Amazingly, my son didn’t throw up a single day after we changed his diet! We were so completely happy. Seeing him be so much more healthy was all the inspiration we needed to seek out other food options and to make this work. He had another biopsy on January 16, 2007 which showed he was 100% clear! Again, we were terribly excited that the restricted diet worked. We would continue on that diet for quite some time longer. We had periodic check ins with the GI and the Allergist. Lucky for Jason, his blood eosinophils seems to be related to his condition. I’m told that not all people can be followed with blood testing to see how they’re doing. But in his case, we could see that his blood eosinophils had gone way down.

In March 2007 he came down with a cold that left him broken out in hives and throwing up. I had not heard of cold viruses giving people hives before, until then. But as soon as the cold passed, so did the hives and the occasional vomiting. His blood had tested a higher level of eosinophils which then went back down after this viral episode.

And again, not a single symptom of his EE since we had changed his diet. We continued with this diet for over a year.

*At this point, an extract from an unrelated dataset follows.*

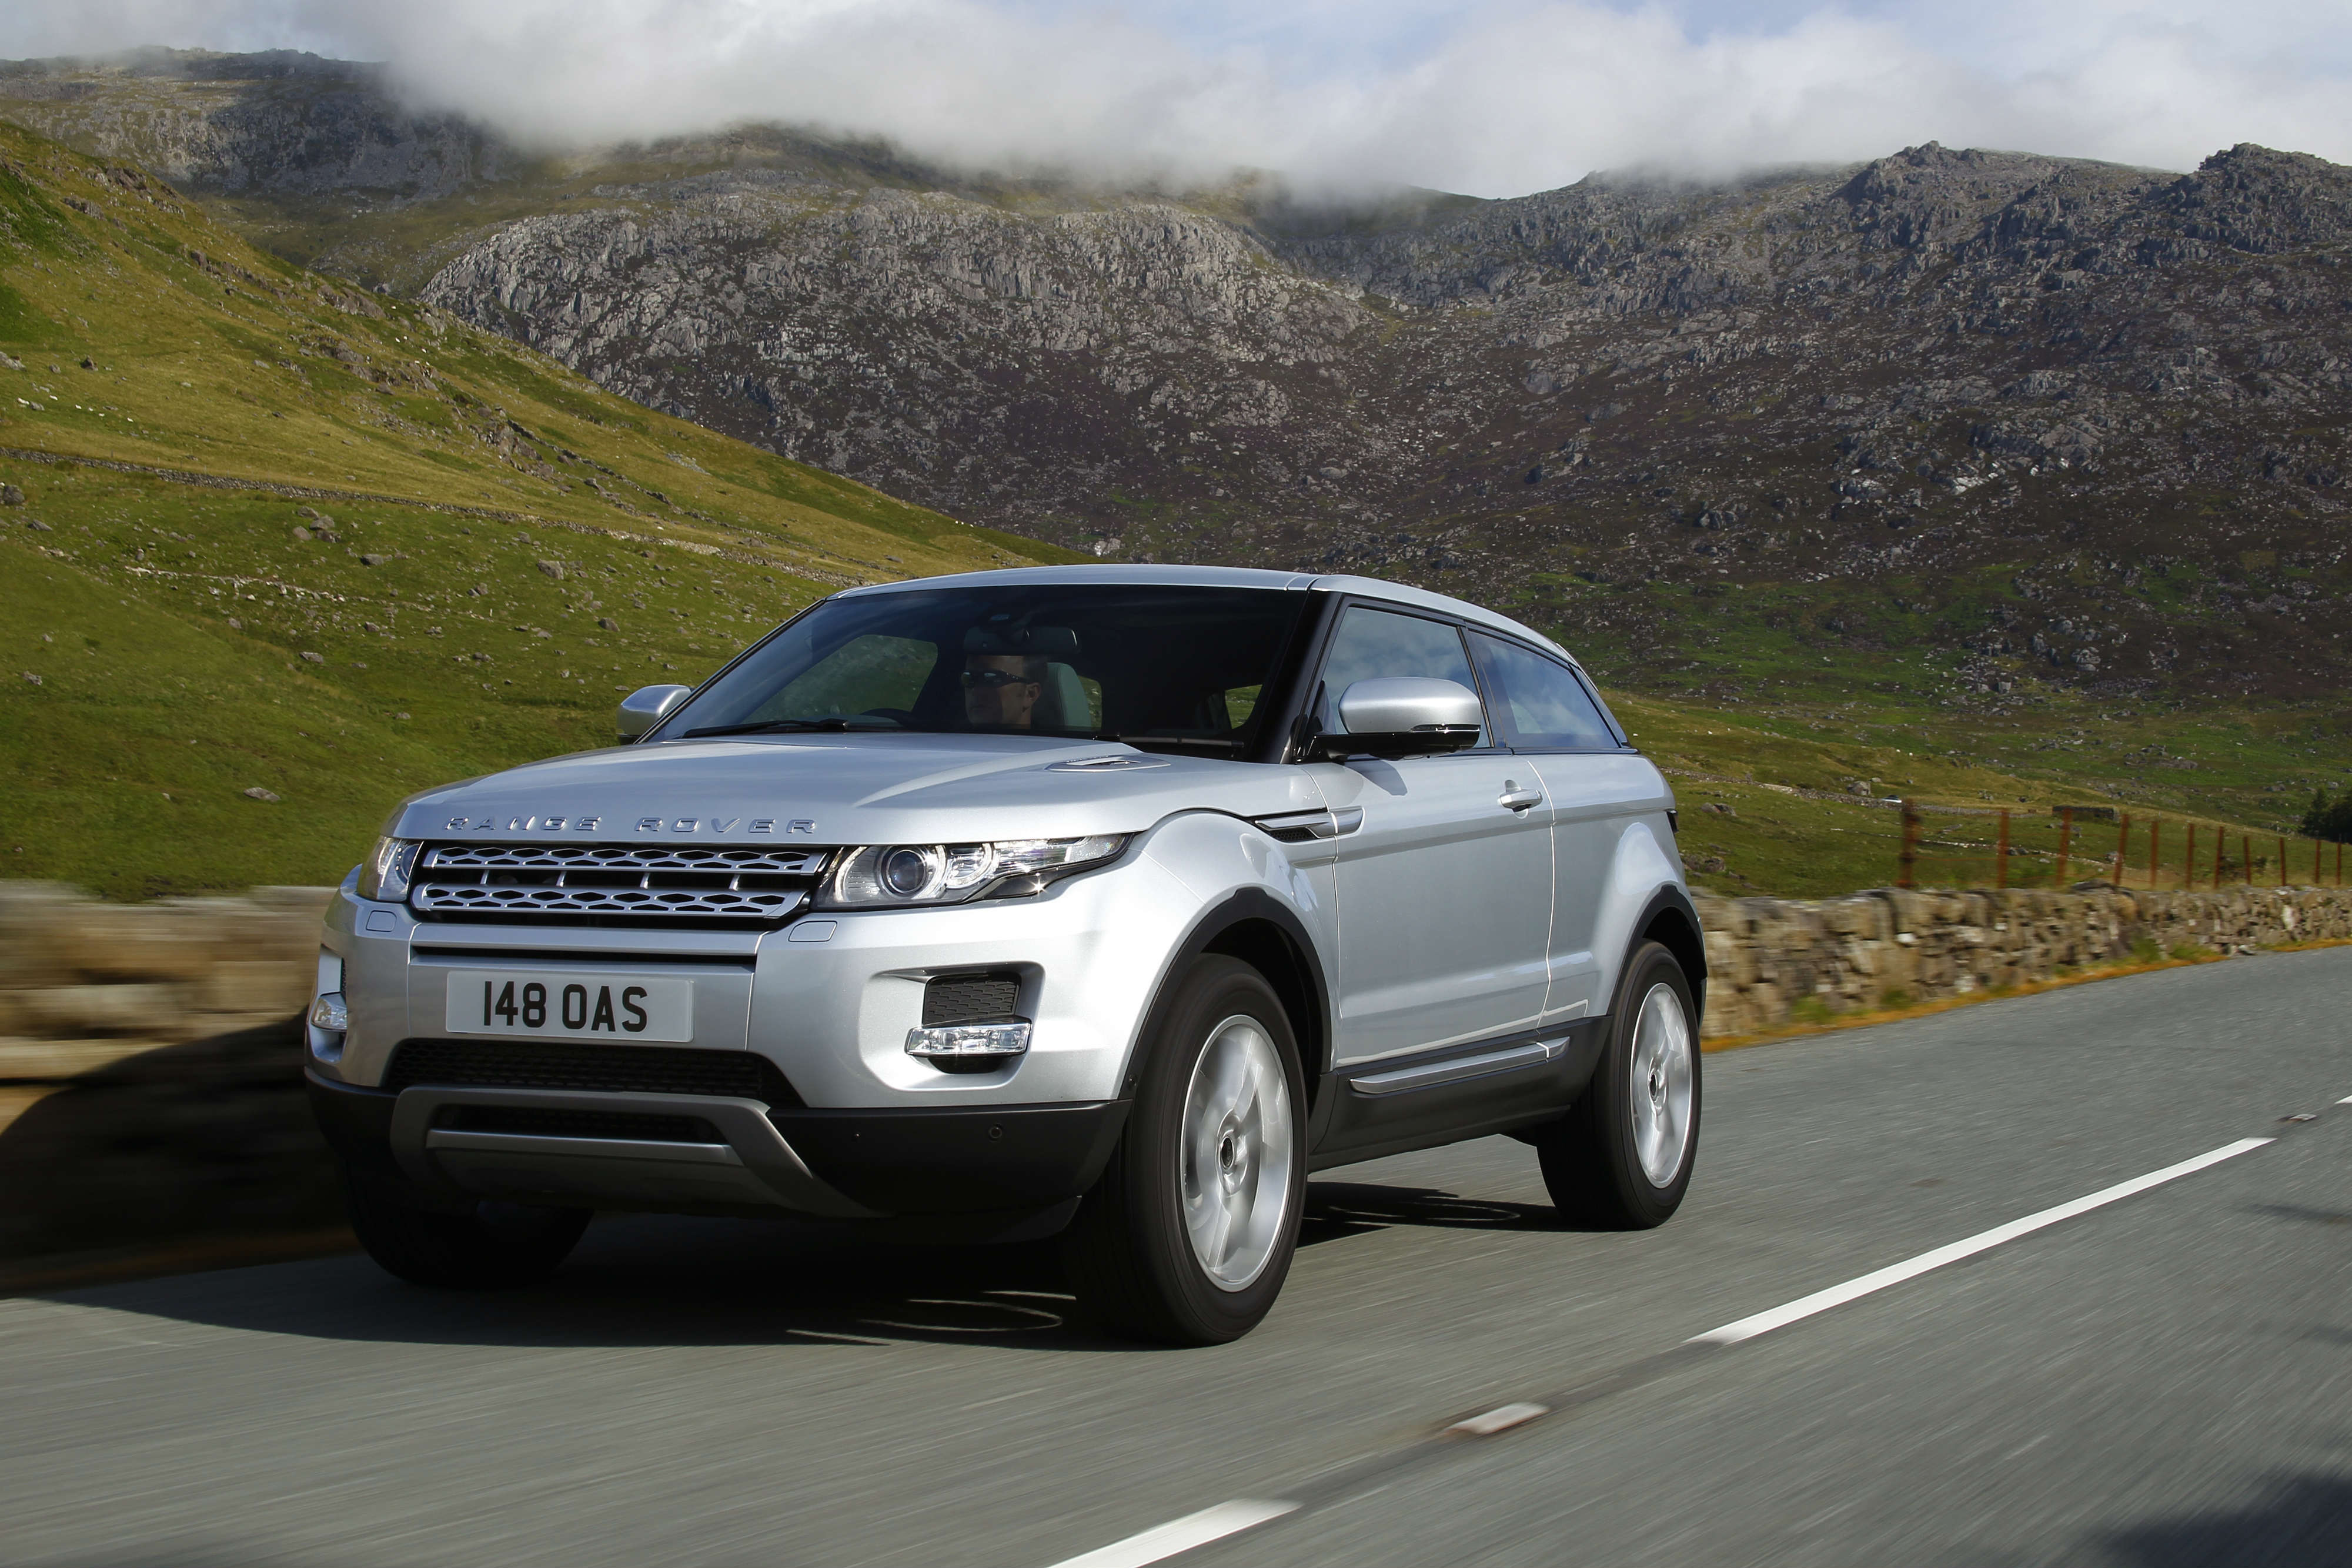 Land Rover and Jaguar introduce two-year used car warranty

His medicines changed a bit… Cimetidine, swallowing Flovent, taking Zyrtec for seasonal allergies, and iron supplements. But all in all, things were 99% good. There was just that lingering small amount of eosinophils in his blood.

In January of 2008 he underwent a repeat of the scratch testing. He now showed negative for a lot of things he had previously shown positive for! We were so excited that we might be able to reintroduce some foods back into his diet. But the doctor wanted to do patch testing to confirm the allergies.

In February 2008 we did the patch testing only to find that he showed positive to many foods still. In fact, he showed positive to milk which we hadn’t been avoiding in the past.
I came home half in tears again. Instead of adding things back in, we were now removing more items. Actually, we got to put wheat back in (that’s a biggie), but we had to remove milk and barley (which is in a lot of wheat products). It was hard to tell him that he could no longer have ice cream, cheese and butter. But actually, he seems to be taking it better than us!

So far we’re managing. It’s so difficult when someone is allergic to milk AND soy. And it’s so difficult with such a long list because there is usually at least one thing in everything that he can’t have. And corn… don’t get me started with corn and corn syrup being in everything!

I hope to someday deliver a happy ending to this story. Until then, we continue the battle!